Б е а т р и ч е. Это правда. Только ты. Твоему лицу и душе не нужна маска, чтобы рассказать обо мне. Ты другая, ты совсем другая, не такая, как я, — и все ж тебе не нужна маска, чтобы рассказать обо мне.

Н а т а л я. Ему главное — не провалить спектакль. Он в первую очередь заботится о себе.

Б е а т р и ч е. Нет. Обо мне… А ты любишь. Посмотри: мотылек. Весна.

Н а т а л я. Кого люблю?

Б е а т р и ч е. Андрюса любишь.

Н а т а л я. Ивана?

Б е а т р и ч е. Не знаю. Андрюса.

Н а т а л я. Иван не такой. В конце концов, понимаешь… Андрюс…

Б е а т р и ч е. Конечно. Андрюс всегда  н е  т а к о й. Он всегда другой, чем на самом деле.

Н а т а л я. Ты… ты не можешь знать этого. Ты слушай дальше. Олександра хочет, чтобы я осталась в театре, потому что ей привиделось: вот, кажется, девочка, чем-то похожая на меня, она сделает то, чего я не осуществила. Мама просто боится, что я буду виснуть у нее на шее и просить кашки. Отцу, возможно, все равно, он сам был такой — не держался одного чего-то.

Б е а т р и ч е. И в каждом из этих случаев речь идет обо мне.

Н а т а л я. А ты говоришь — предаю. Все вы слишком многого от меня требуете, слишком много надежд возлагаете на меня, — я боюсь, что подведу вас и не оправдаю ваших надежд.

Б е а т р и ч е. И легче — не попытавшись, бежать? Не понимаю. Тебя не понимаю. А их понимаю всех. Почему бы тебе и правда не помочь им, не спасти спектакль, не утешить маму и Олександру?

Н а т а л я. Какими ты будничными словами заговорила.

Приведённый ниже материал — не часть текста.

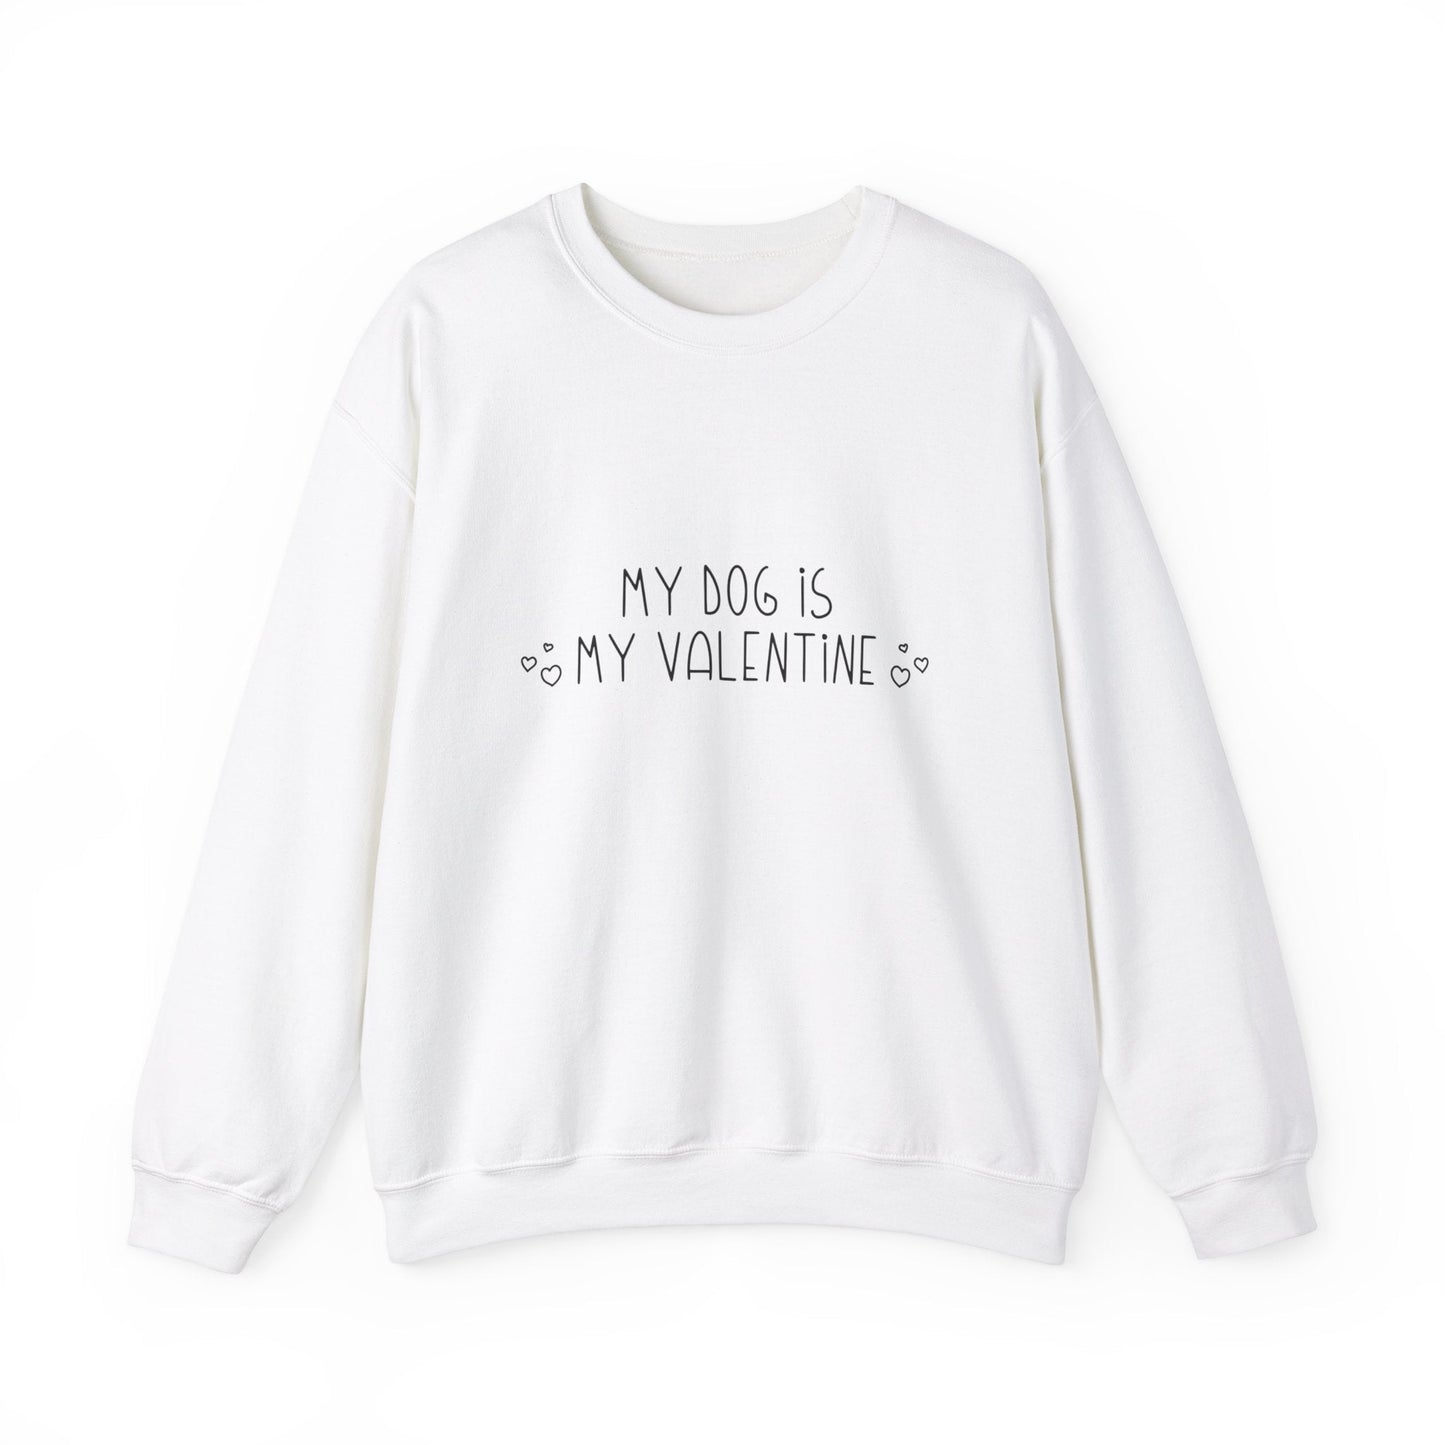 My Dog Is My Valentine | Crewneck Sweatshirt - Detezi Designs-16343889309415297097

С чьего это голоса?

Б е а т р и ч е. С твоего собственного. С твоего будничного голоса, который может подговорить тебя на будничное существование. Ведь на самом-то деле речь идет не только о них, не только обо мне, в первую очередь — о тебе. Ты же любишь театр, как я любила музыку. Музыка — это единственное, что помогало мне спасти их. Убить зло. Заговорить с ними так, чтобы они хоть что-то уразумели. Театр — та же музыка. Твоя.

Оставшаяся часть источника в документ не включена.